Statistical tests determine confidence in branching order
          Bootstrap Analysis: a re-sampling technique
                statistical tests usually involve replication / repetition of experiment
                this is inconvenient with DNA data: $$$
            Suppose existing data set (400bp) is a accurate sample of parametric data set (complete genome)
                  re-sample existing n sites 1000 times, repeat phylogenetic analysis:
                        how often do same clades / clusters appear?
                    "50% bootstrap support" indicates group occurs more frequently than all others combined
                      95% criterion is desirable, not often obtained with small data sets

Placing the root & Inferring the direction of evolutionary change
          With four taxa, there are four branches and one internode
          The most closely related "sister taxon" may occur on any of these
               Where does this "common ancestor" fit in the tree?
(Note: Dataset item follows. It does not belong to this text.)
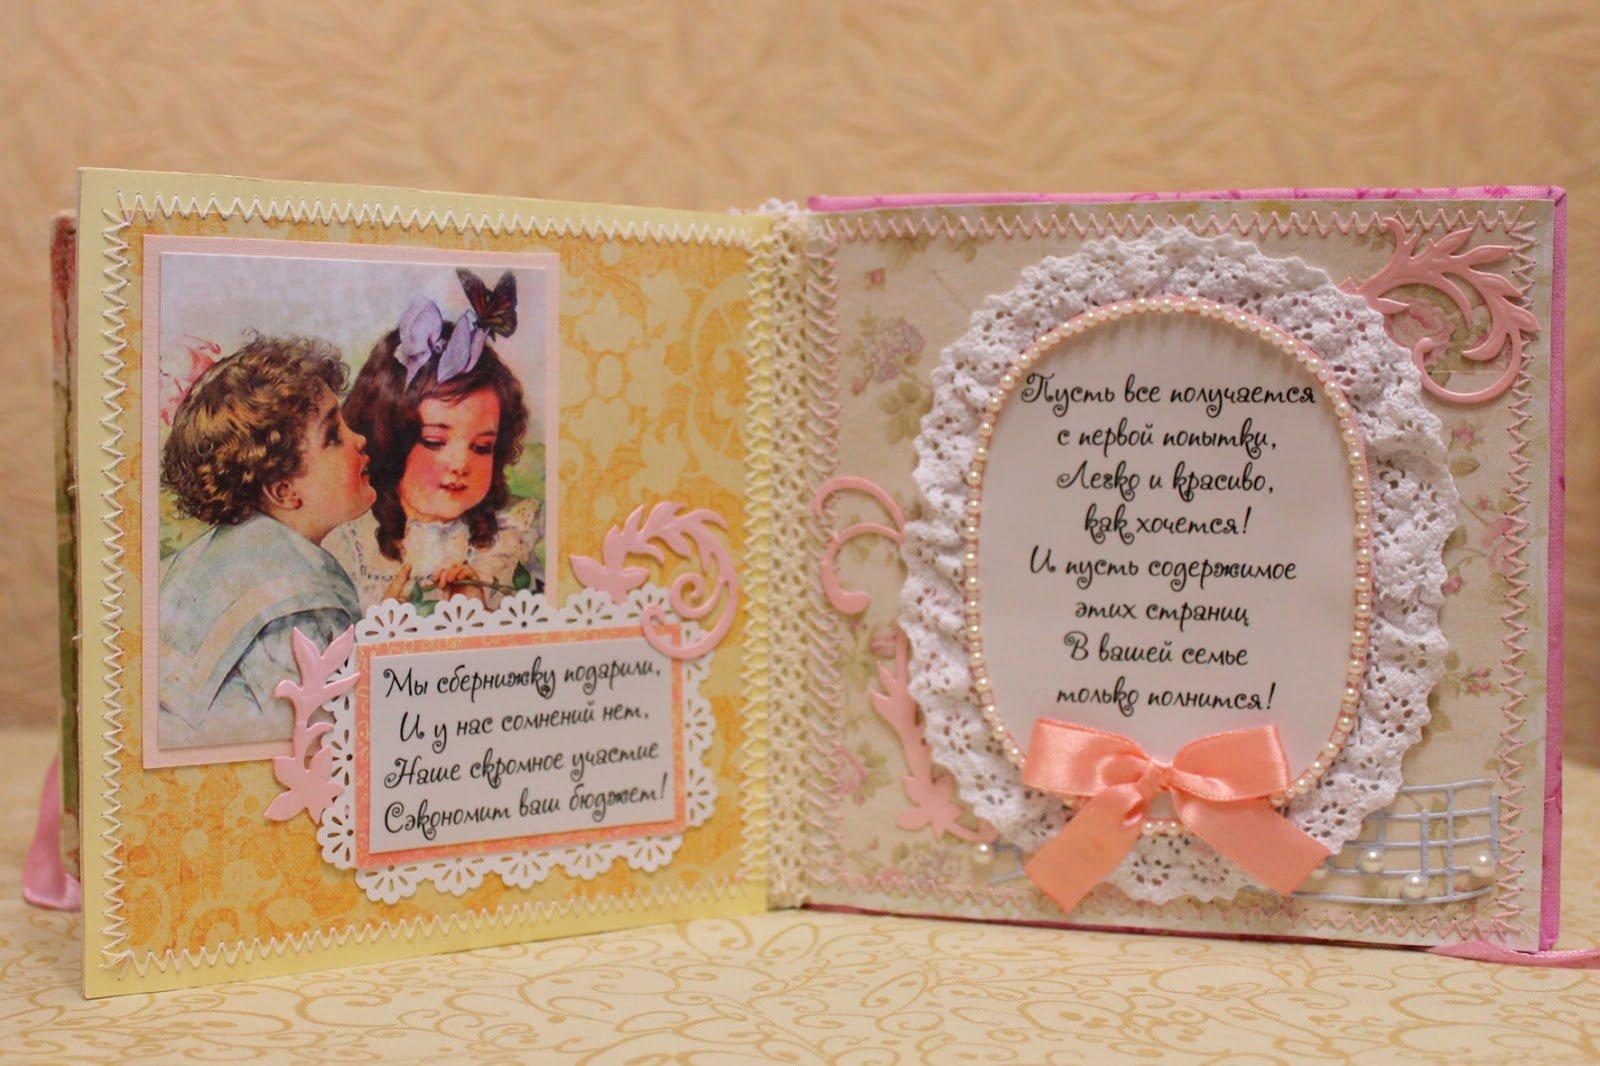 Оригинальные и прикольные подарки на свадьбу молодоженам 15

An evolutionary tree is a network with a root:
      The root indicates the relationship with the common ancestor
          A 'root' can be placed on any of the branches or the internode.
          So, there are five possible rooted trees for this unrooted network.
              All are equally parsimonious:
              not all place A & B as each other's closest relatives.
              Some of these make shared charactes symplesiomorphic

      (1) Outgroup rooting:
         Include a taxon that is known to be less closely related
            to any of the ingroup taxa than they are to each other.
            Such a taxon is called an outgroup or sister taxon.
             Ex.: Lynx (Feloidea) is an outgroup to the Canoidea
                      (Note that this tree is equivalent to the NJ phenogram)
       Problematic in groups where relationships are uncertain (Ex. Wolffish (Anarhichis)

      (2) Midpoint rooting:
         Place the root halfway between the two most different taxa.
            This assumes that molecular evolution is clock-like.